Il Nobel per la Chimica quest’anno e’ stato assegnato a tre scienziati, Frances H. Arnold, George P. Smith e Gregory P. Winter, per i loro lavori innovativi nei campi della biochimica e dell'enzimologia riguardanti l'evoluzione diretta delle proteine e degli enzimi per dotarli di nuove caratteristiche e utilizzarli per fabbricare dai biocarburanti ai prodotti farmaceutici. In pratica i tre hanno riprodotto in laboratorio quello che l’evoluzione ha fatto in miliardi di anni.

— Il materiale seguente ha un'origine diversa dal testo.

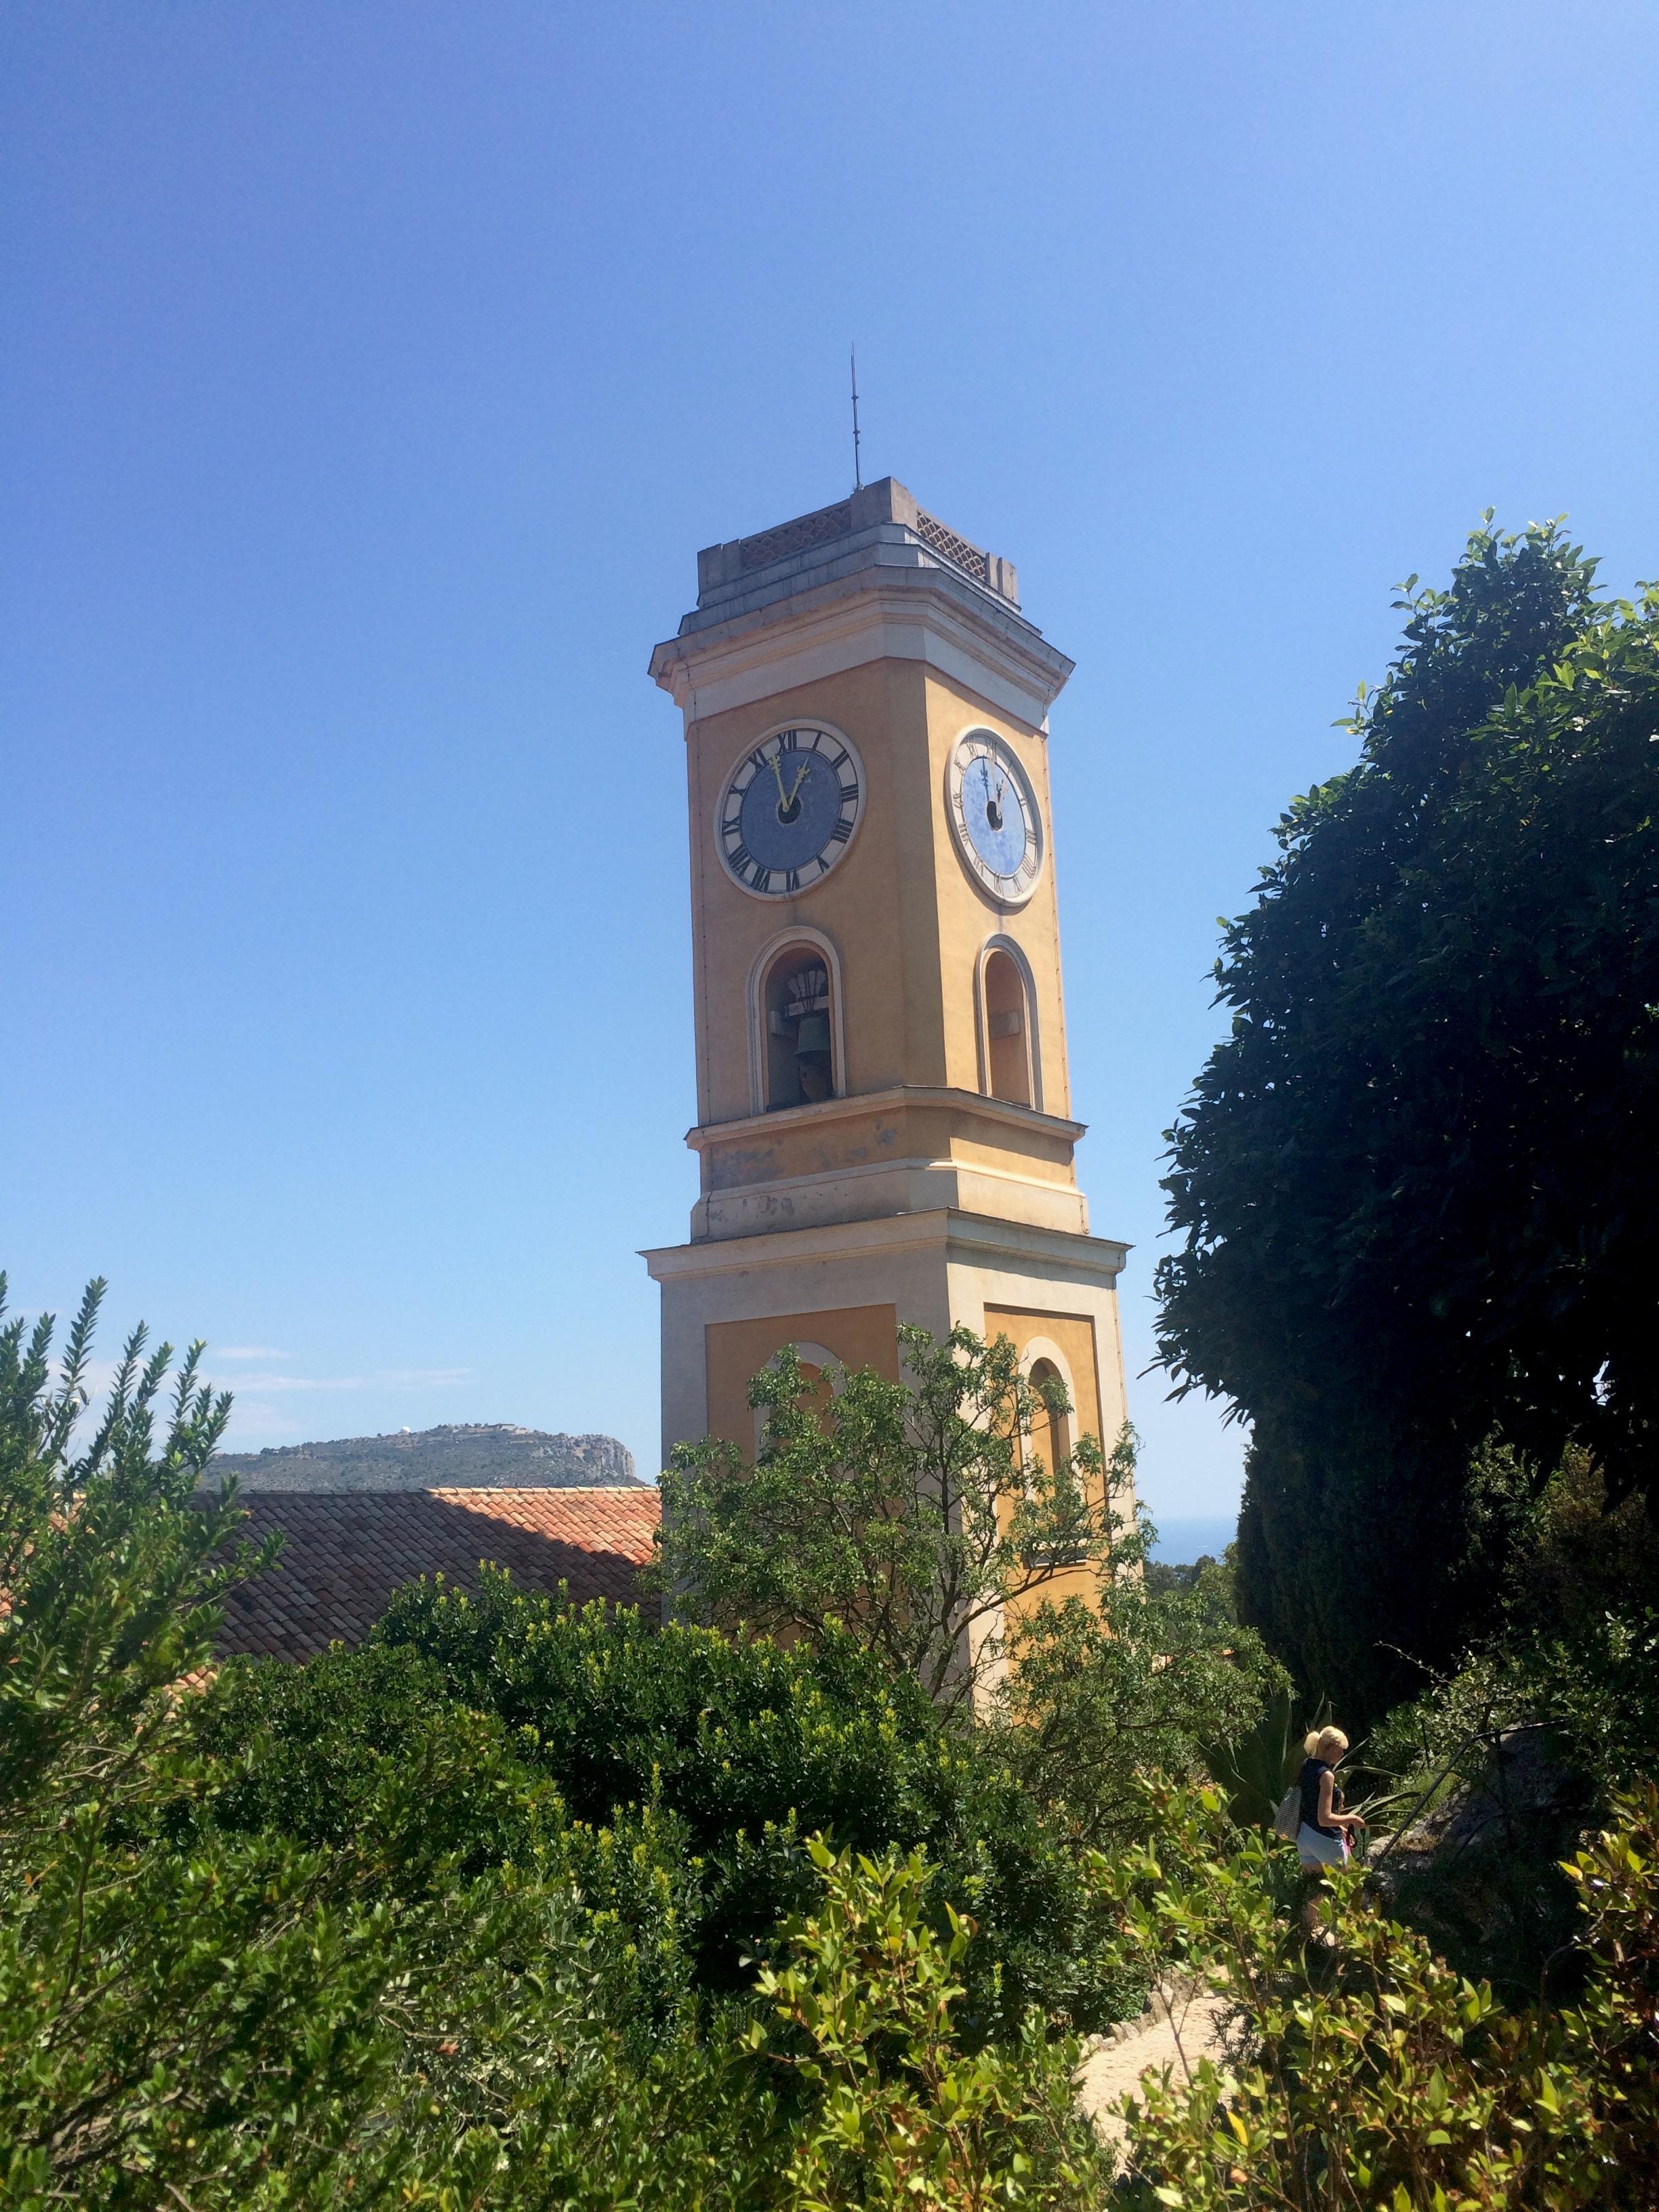 Eze-Village, incontournable de la Cote d'Azur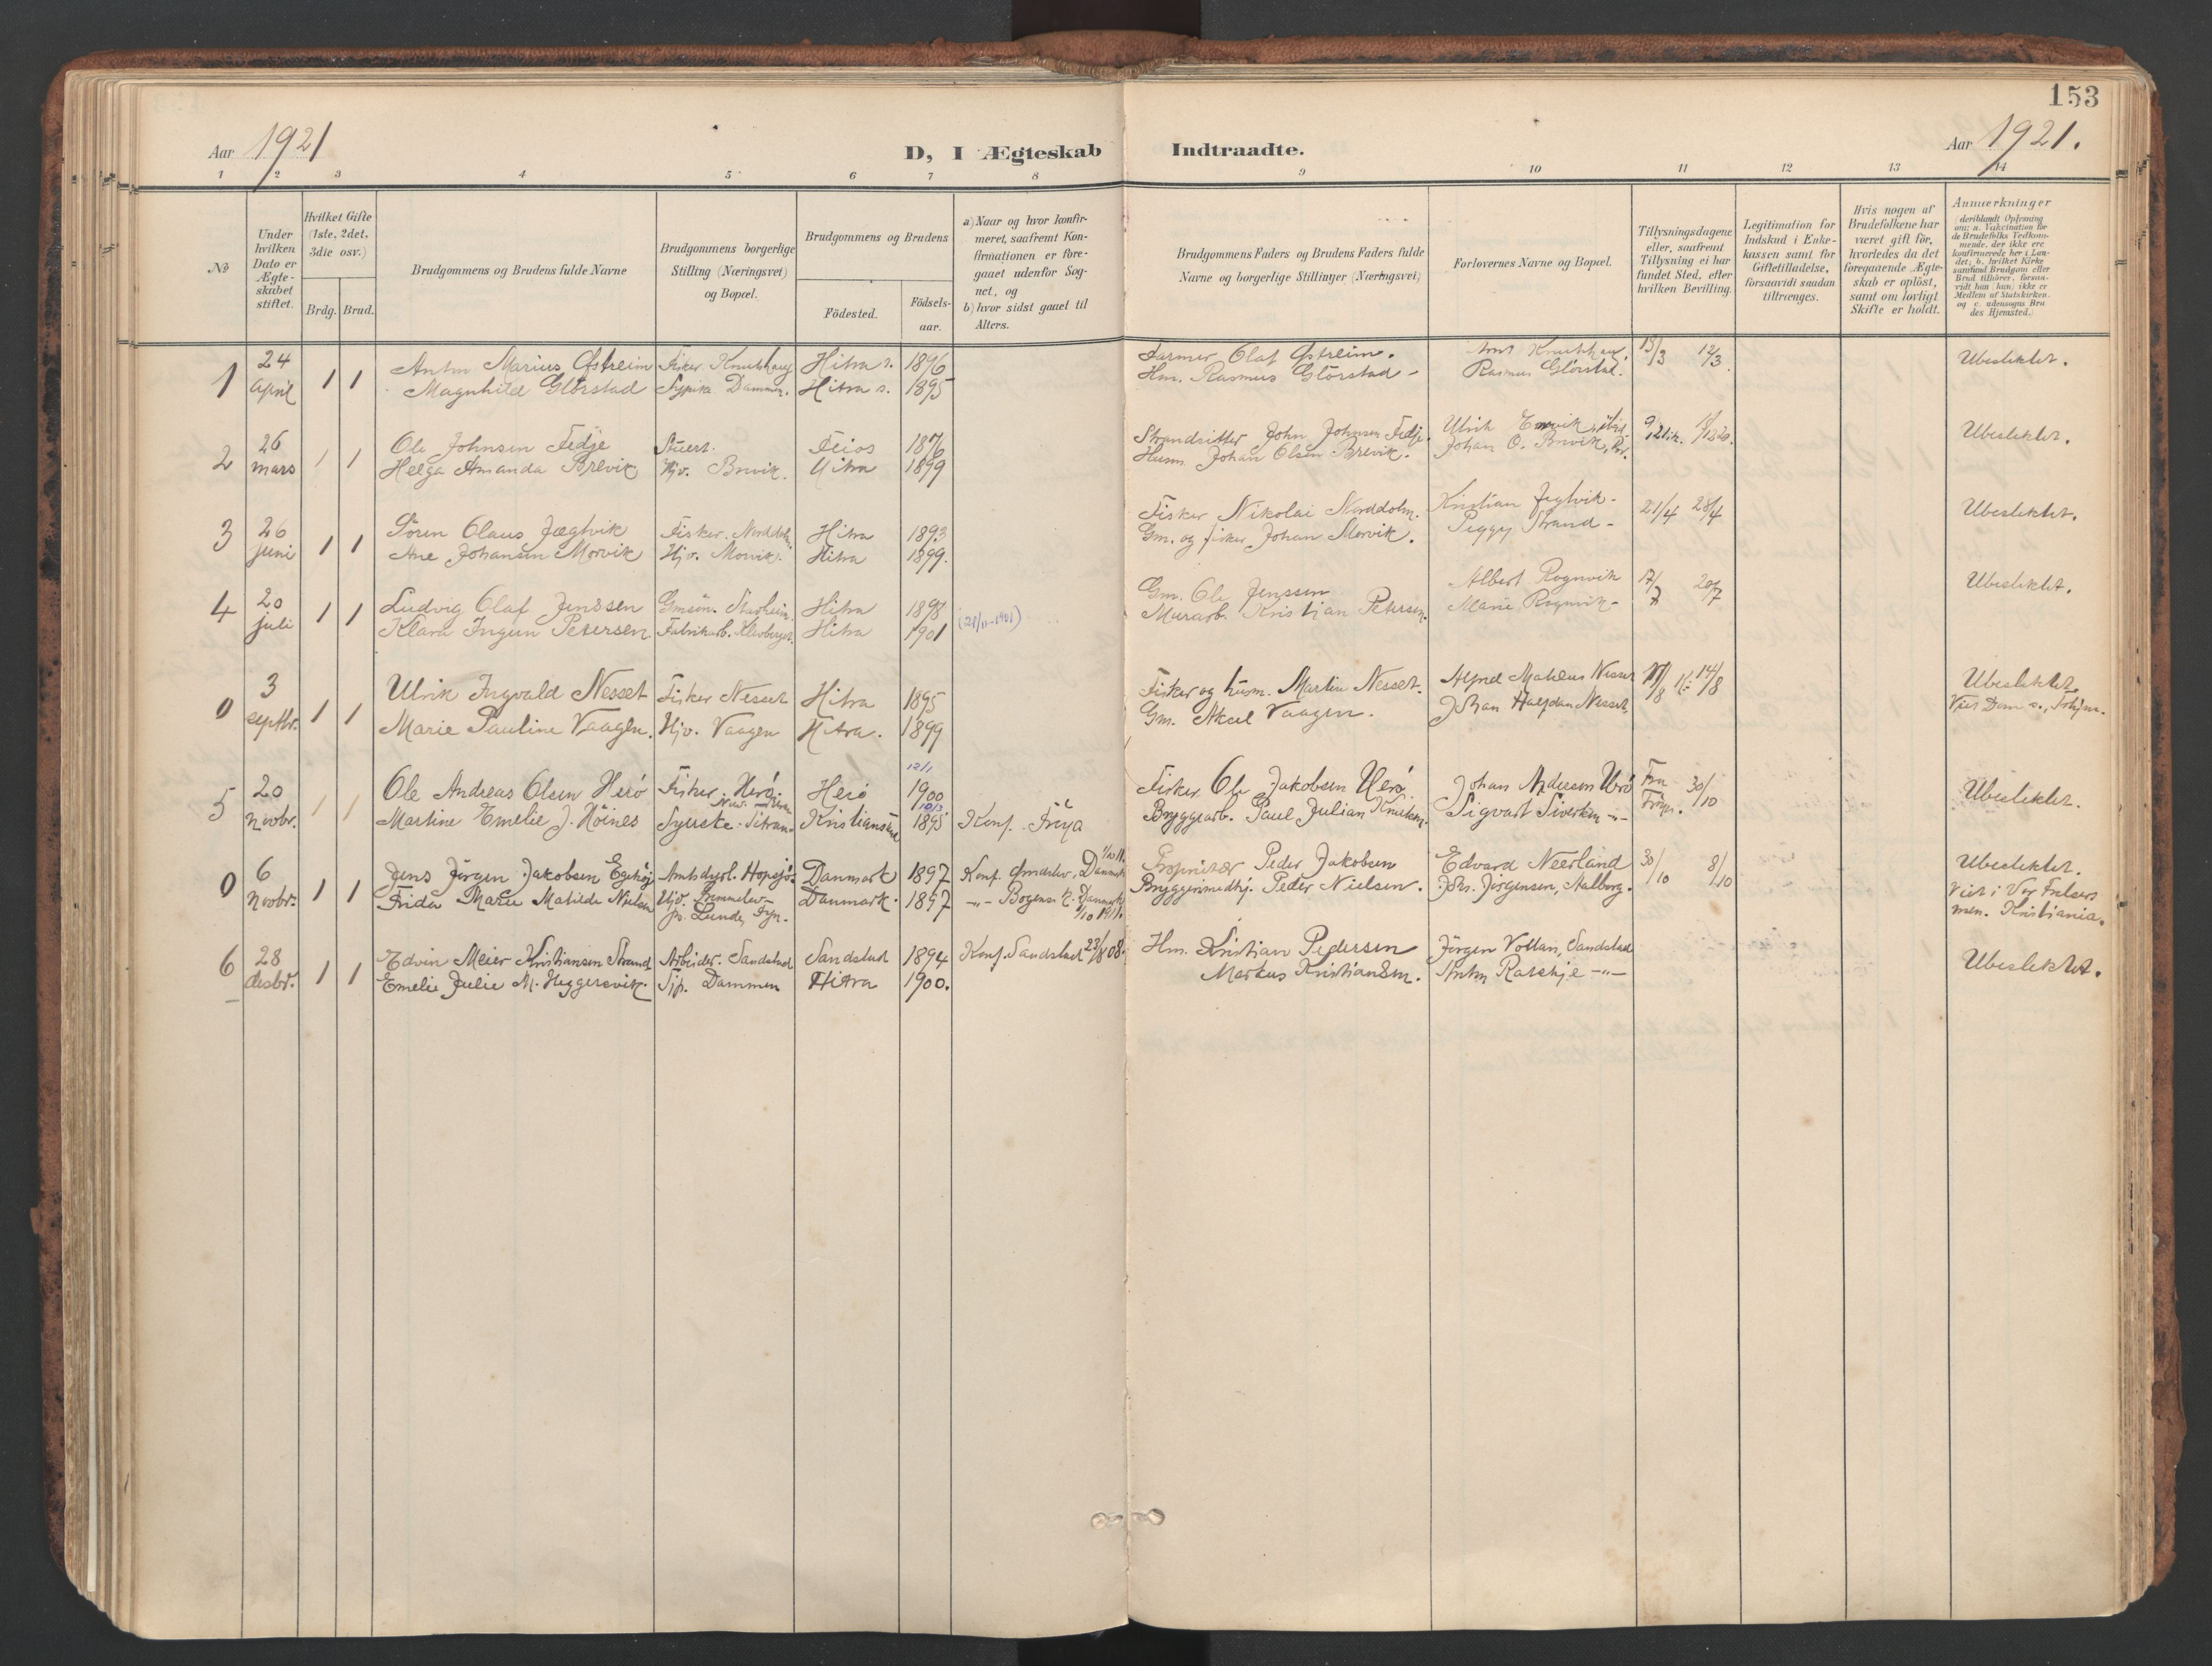 SAT, Ministerialprotokoller, klokkerbøker og fødselsregistre - Sør-Trøndelag, 634/L0537: Ministerialbok nr. 634A13, 1896-1922, s. 153

L’Italia “è all’avanguardia nella biochimica che genera un business di oltre 10 miliardi all’anno (10,7) grazie a sistemi di ricerca e produttivi da primato a livello internazionale", ha rivendicato la Coldiretti che sottolinea come “il valore della bioeconomia Made in Italy è in forte crescita grazie alla biofarmaceutica (5,1 miliardi), alla biochimica (3 miliardi), al biodiesel (0,4 miliardi) e alle altre bioenergie (2,2 miliardi) secondo il rapporto 2018 sulla bioeconomia in Europa".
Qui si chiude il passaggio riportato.